_Source data_
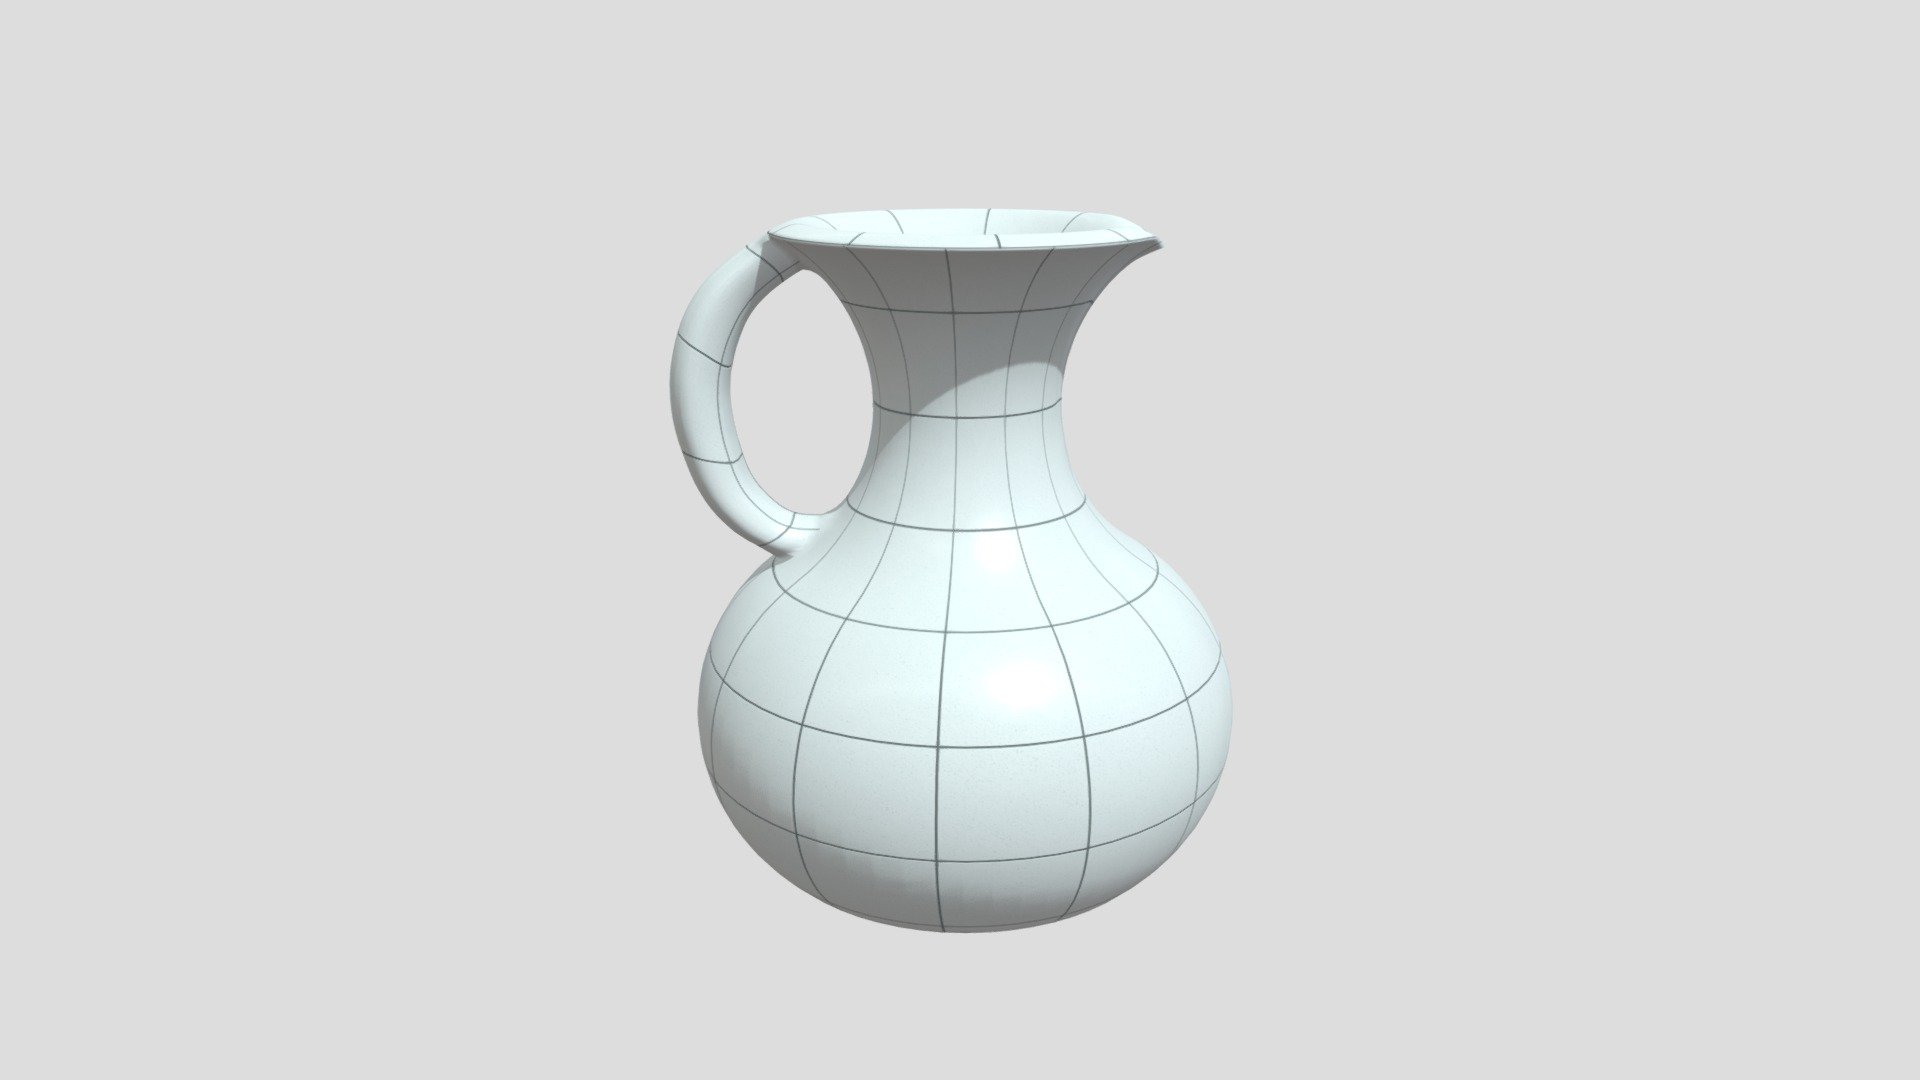 This model has such material with the following 4K textures:

MI_CeramicTileClean01

T_CeramicTileClean01_AO.png
T_CeramicTileClean01_BC.png
T_CeramicTileClean01_MT.png
T_CeramicTileClean01_N.png
T_CeramicTileClean01_R.png - Water Jug - 3D model by vova12zx 3d model

_Work order_
In the records above, locate the line that contains "T_CeramicTileClean01_MT.png". Repeat it and every line after it, exactly, and nothing else.

_Expected answer_
T_CeramicTileClean01_MT.png
T_CeramicTileClean01_N.png
T_CeramicTileClean01_R.png - Water Jug - 3D model by vova12zx 3d model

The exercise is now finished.